Still, there are other ways to justify that premium valuation. The company is the largest music-streaming platform on Earth by a wide margin, enjoys ubiquity thanks to expansive third-party partnerships and integrations, and harnesses all that user data to fine-tune its market-leading discovery algorithms. Spotify also addresses large swaths of the market that Apple is simply uninterested in: Android users and users in emerging markets that can't afford to pay $10 per month. (Apple Music is technically available on Android, but the service is designed for users entrenched in the Mac maker's ecosystem.)

Now what?

Generally speaking, IPOs are extremely volatile when trading commences. Spotify's direct listing may be even more volatile due to the nature and mechanics of direct listings, which few investors have experience with. Additionally, there will not be any lock-up agreements associated with the direct listing, which is customary for traditional IPOs.

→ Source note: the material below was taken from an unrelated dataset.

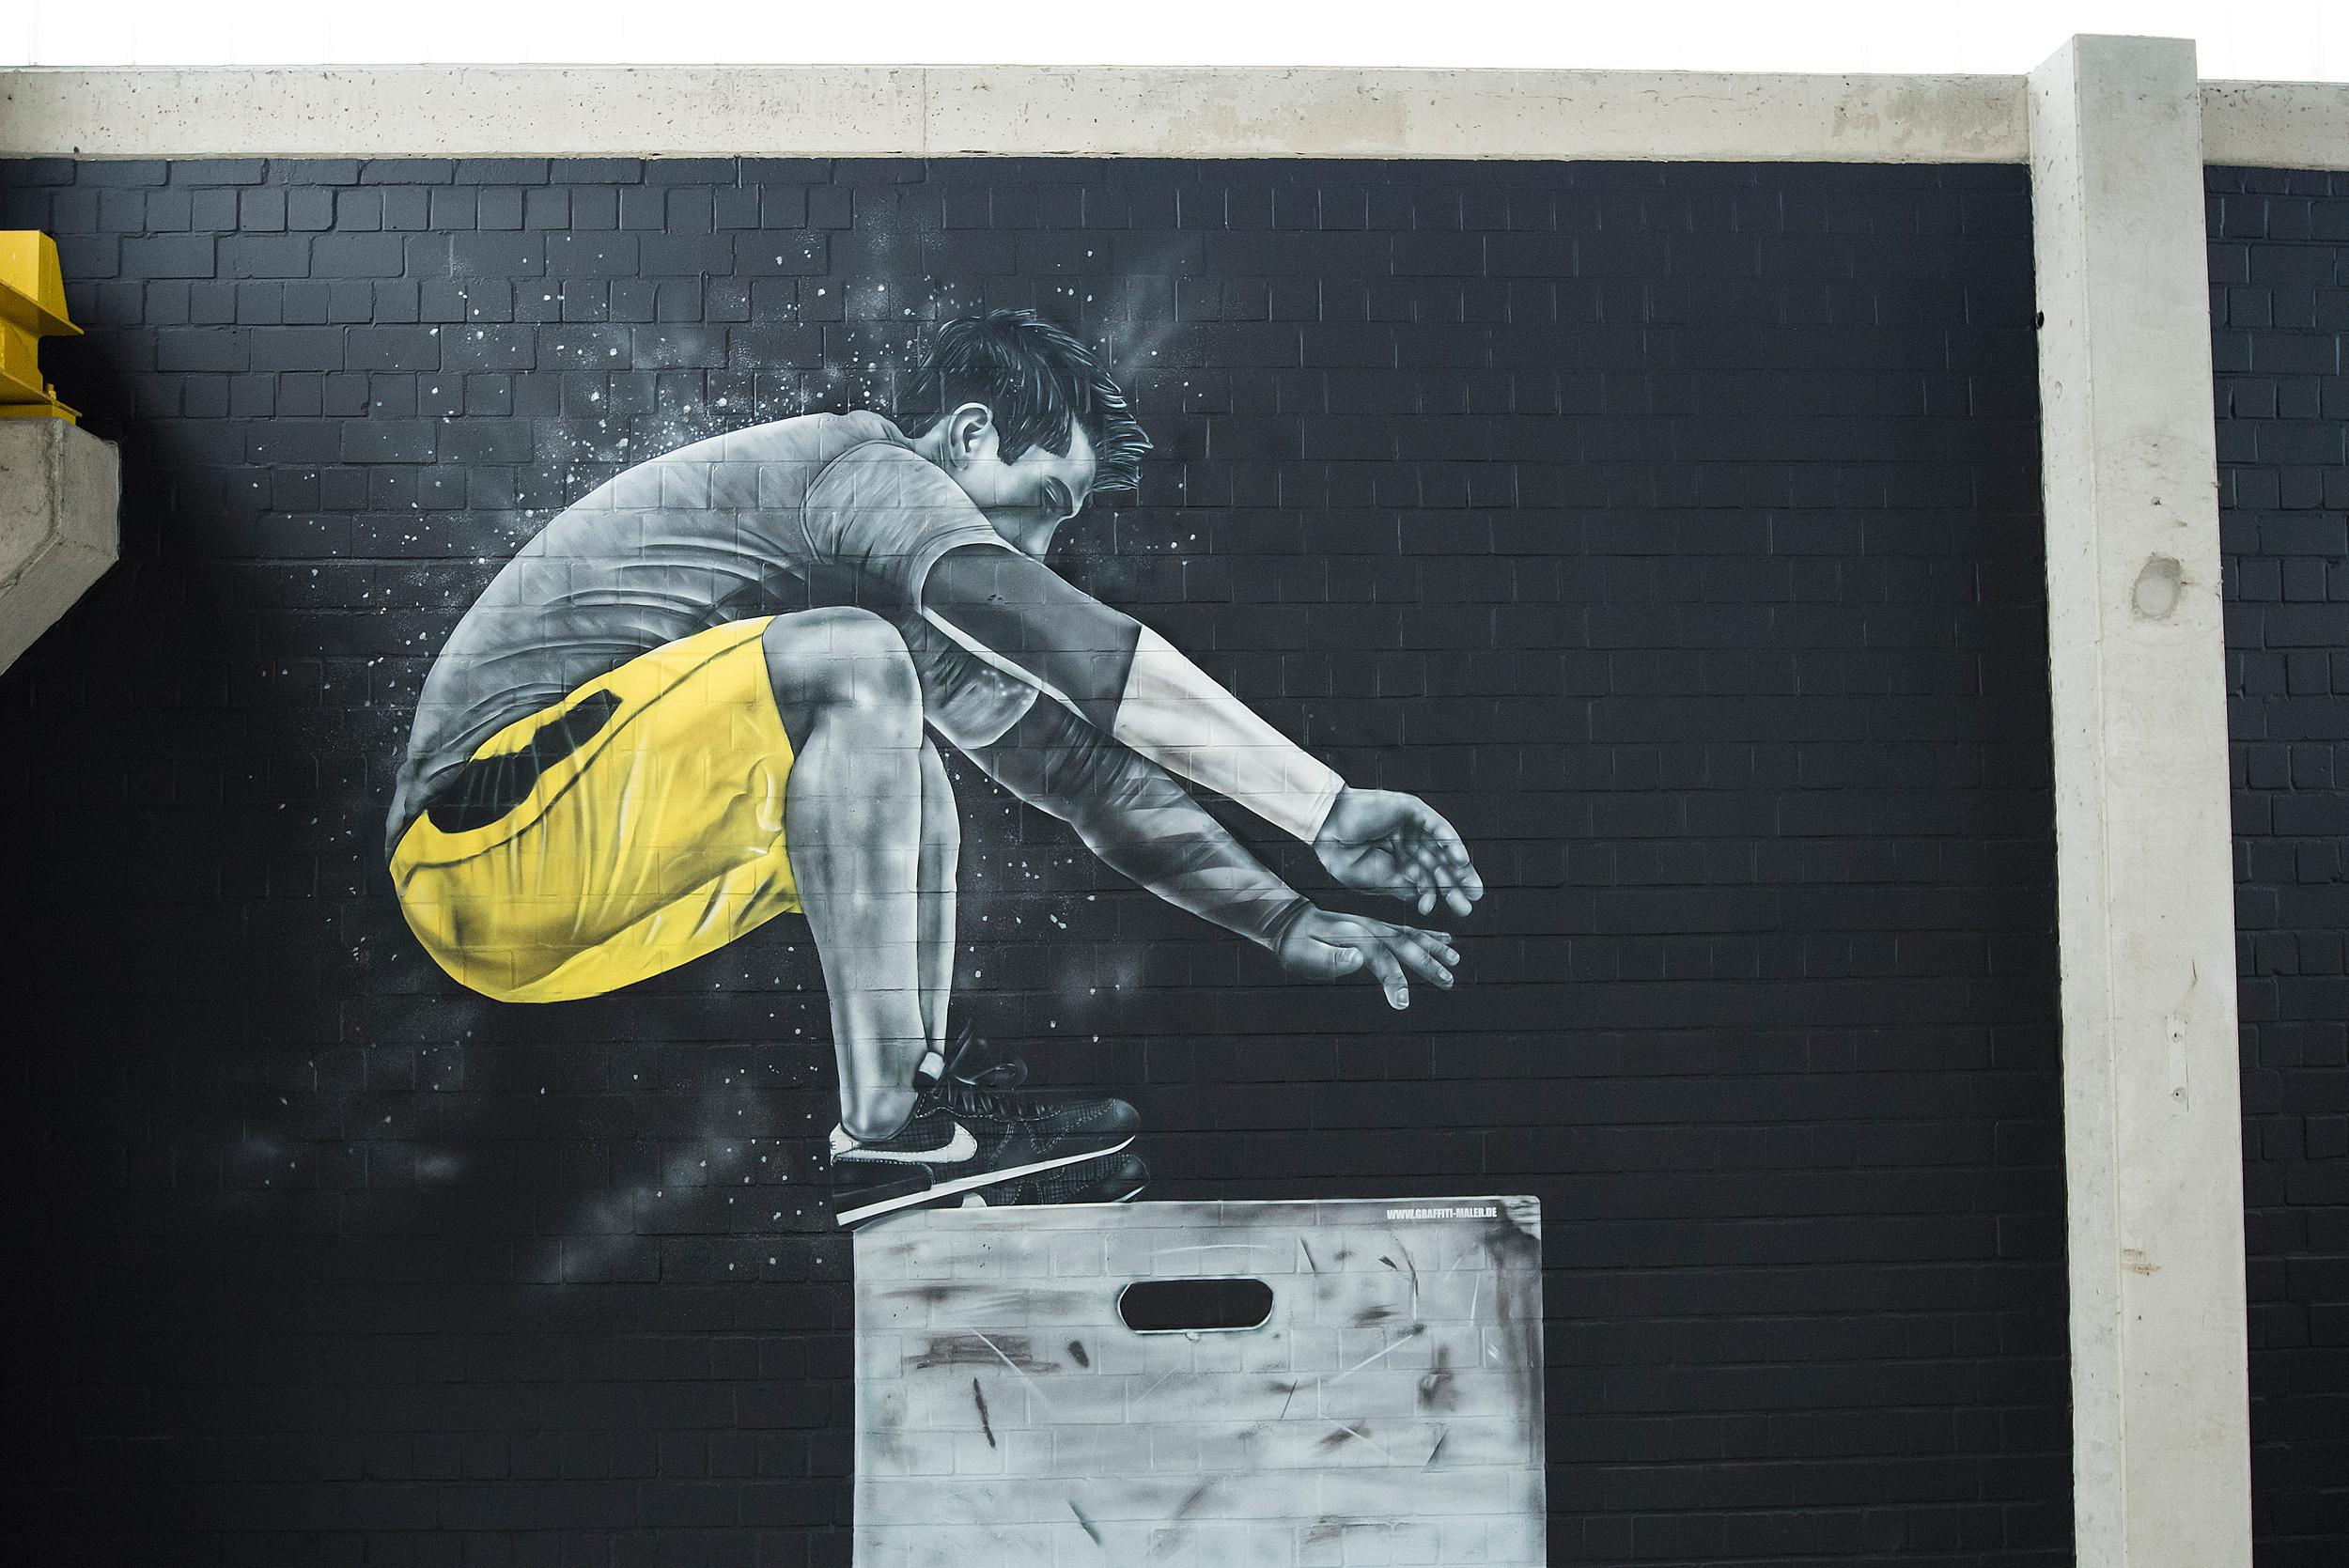 Graffiti Wandgestaltung im Fitness Studio

In a regular IPO, there are a specified number of shares that we know will be offered by both the company and existing shareholders. In a direct listing, existing shareholders register a certain number of shares that they can sell but are under no obligation to sell. Spotify registered 55.7 million shares in the direct listing that can be sold, but existing shareholders "may, or may not, elect to sell their ordinary shares covered by this prospectus, as and to the extent they may determine."

Among other reasons, Spotify had said that "market-driven price discovery" (which is how all secondary markets work) was one of the reasons it was pursuing a direct listing instead of a traditional IPO, although the real reason was likely Spotify trying to effectively negate some onerous terms associated with convertible debt that has since been exchanged for equity. Let the price discovery begin!